Там зажгли большой костёр, потом вспыхнул другой; два огня, шипя и потрескивая, окружаясь синими облаками дыма, стали спорить друг с другом, бросив на белую пену реки красные, кисейные ткани; между огнями метались почерневшие люди, сладкий голосок призывно покрикивал:
– Подходи, не задерживай, подходи!
Звенело стекло стакана, рыжий мужик внушительно гулко сказал:
– Их учить надо!
Старичок-плотник отделился от людей, осторожно щупая ногами камни, брошенные нами в реку, перешёл на нашу сторону, присел на корточки и стал, фыркая, плескать водой в лицо себе, весь розовый в густых отблесках огня.
– Ударили, должно быть, – тихо сказал Силантьев.

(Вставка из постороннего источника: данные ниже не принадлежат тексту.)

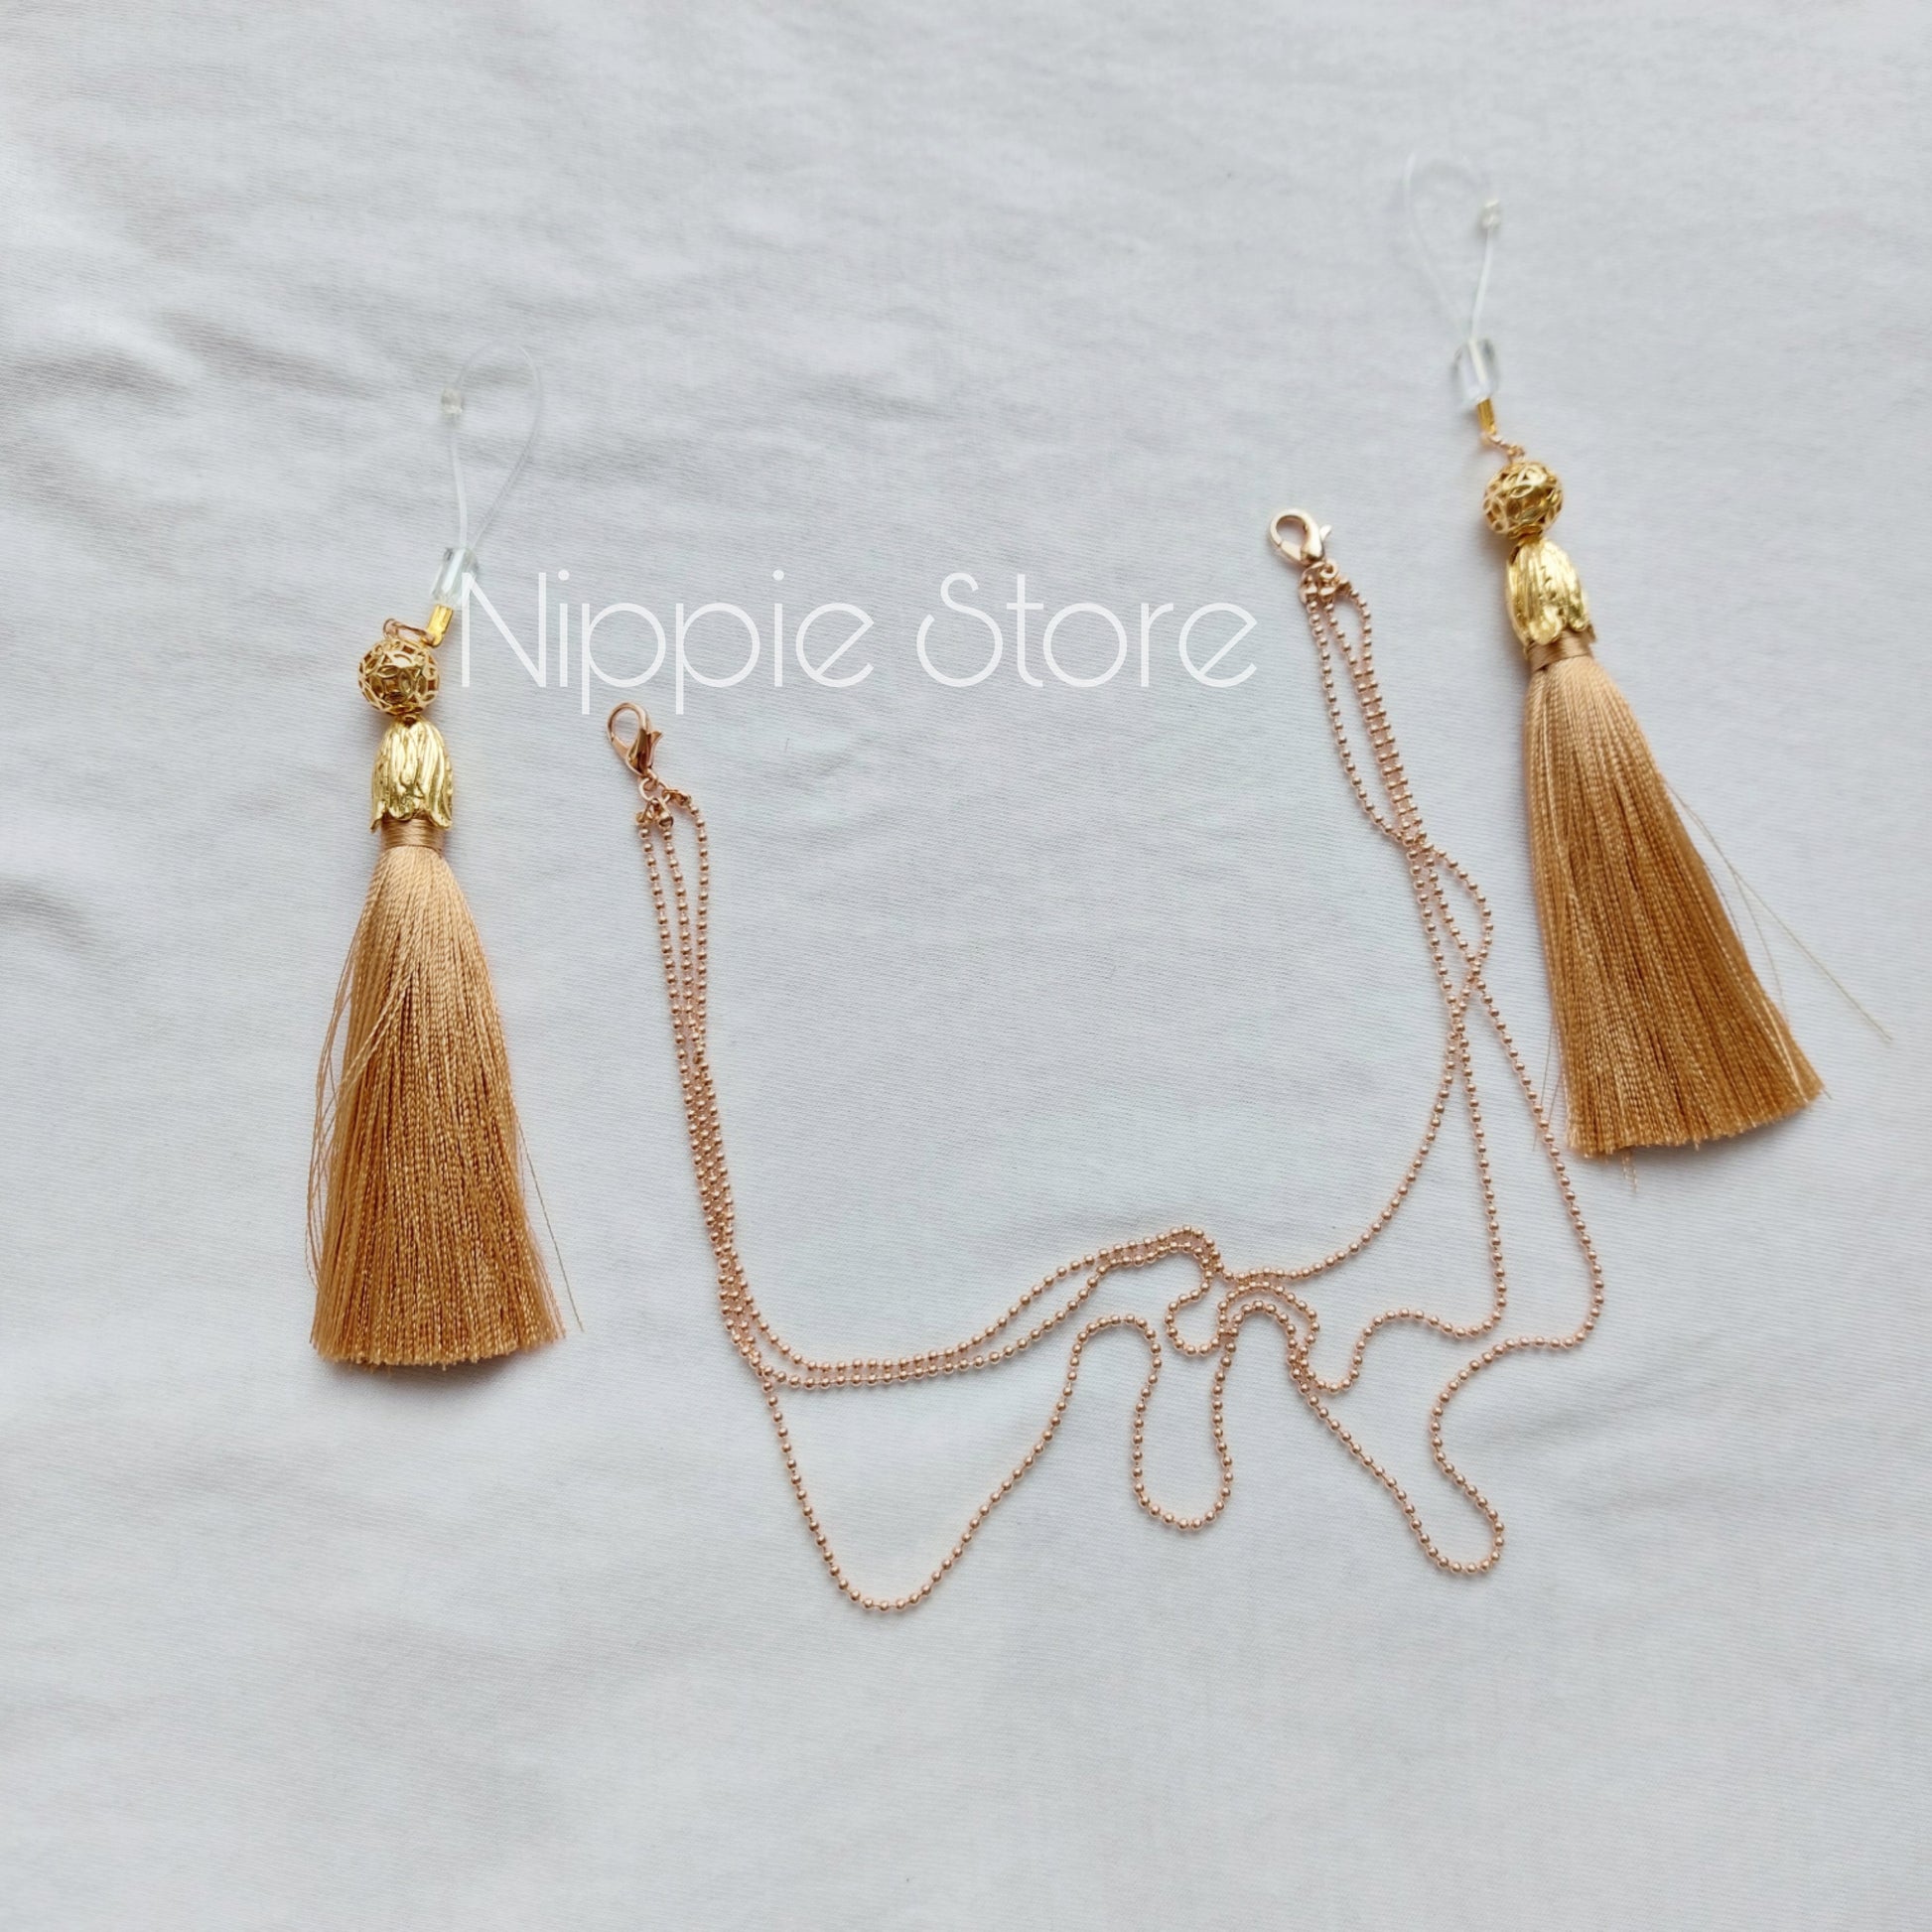 Gorgeous luxurious nipple jewelry nippie with silk – Nippie Store

Да, ударили. Когда он подошёл к нам, мы увидали, что по его усам и мокрой белой бороде текут из носа тёмные струйки крови, а на рубахе, на груди – тоже пятна и полосы.
– Мир беседе, – строгим голосом сказал он и поклонился, прижав левую руку к животу.

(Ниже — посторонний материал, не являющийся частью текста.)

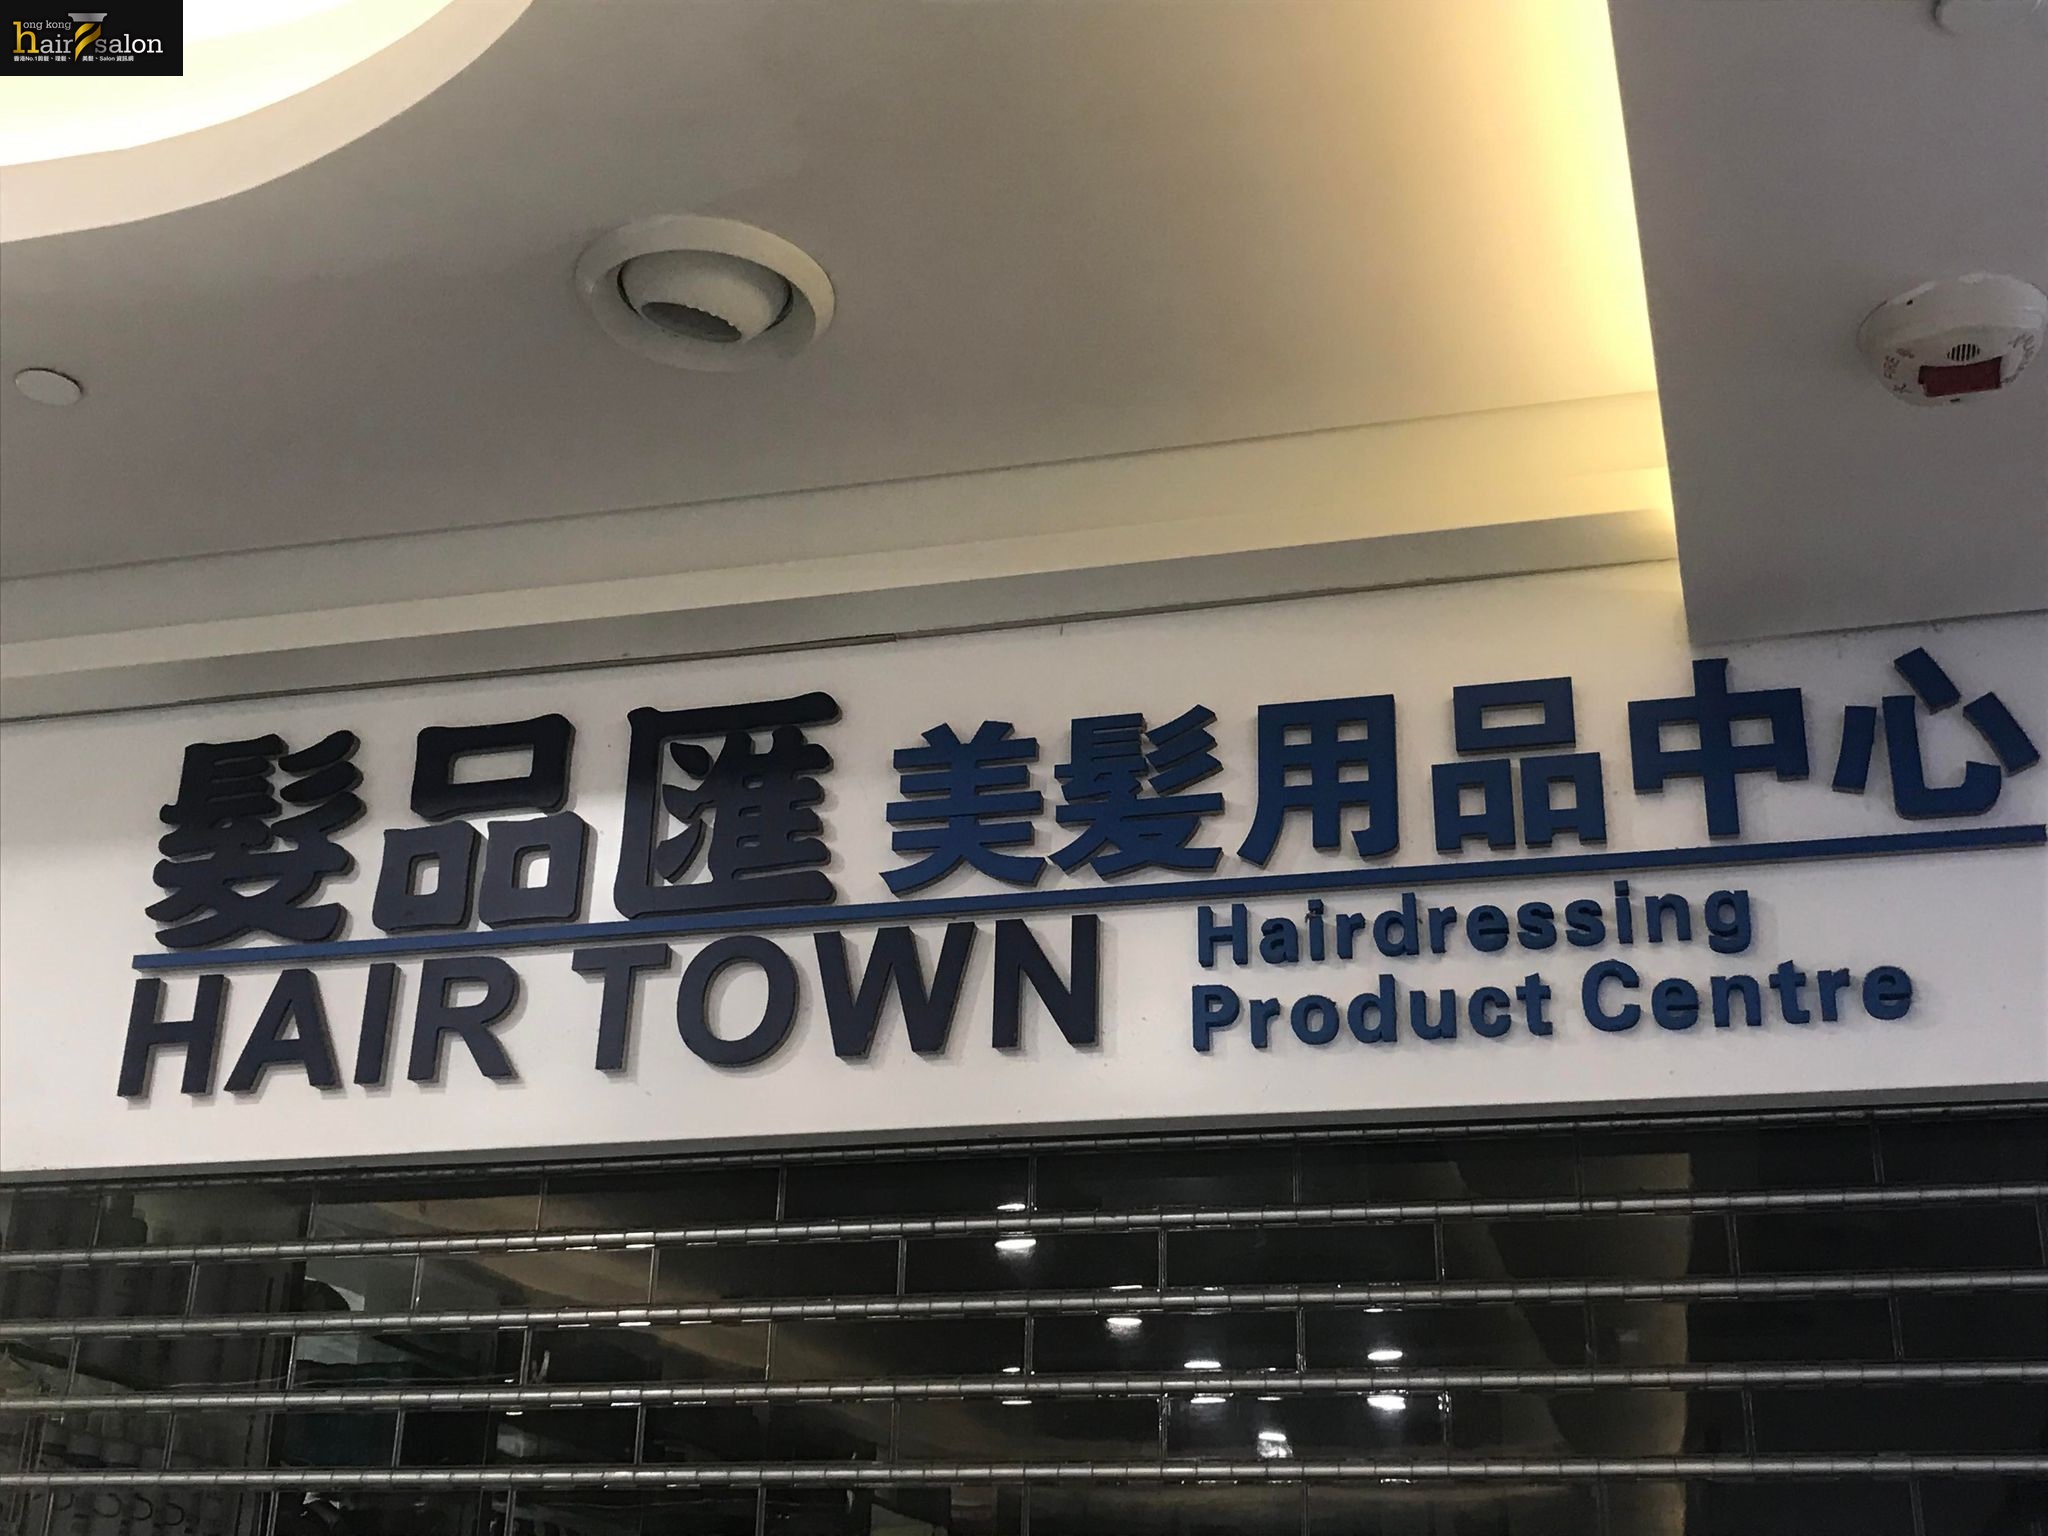 美发用品: 髮品匯 Hair Town - 美髮用品中心

– Садись, милости просим, – сказал пскович.
Теперь старик напоминал изображение святого отшельника – маленький, сухой и чистый, несмотря на рубаху в крови. От боли и обиды или от углей костра его мёртвые глаза как будто ожили, стали светлее. И ещё строже. Смотреть на него было неловко, стыдно.
Покрякивая, шмыгая широким носом, он отёр бороду ладонью, а ладонь – о колено, протянул над углями старые, тёмные руки и сказал:
– До чего вода в речке этой холодна – просто ледяная…
Силатьев спросил, взглянув из-под ресниц в лицо ему:
– Больно ушибли?
– Не-е. По переносице ткнул. Это место на кровь хлибкое. Господь с ним, ему с этого не прибудет, а мне страданье – в зачёт перед духом святым…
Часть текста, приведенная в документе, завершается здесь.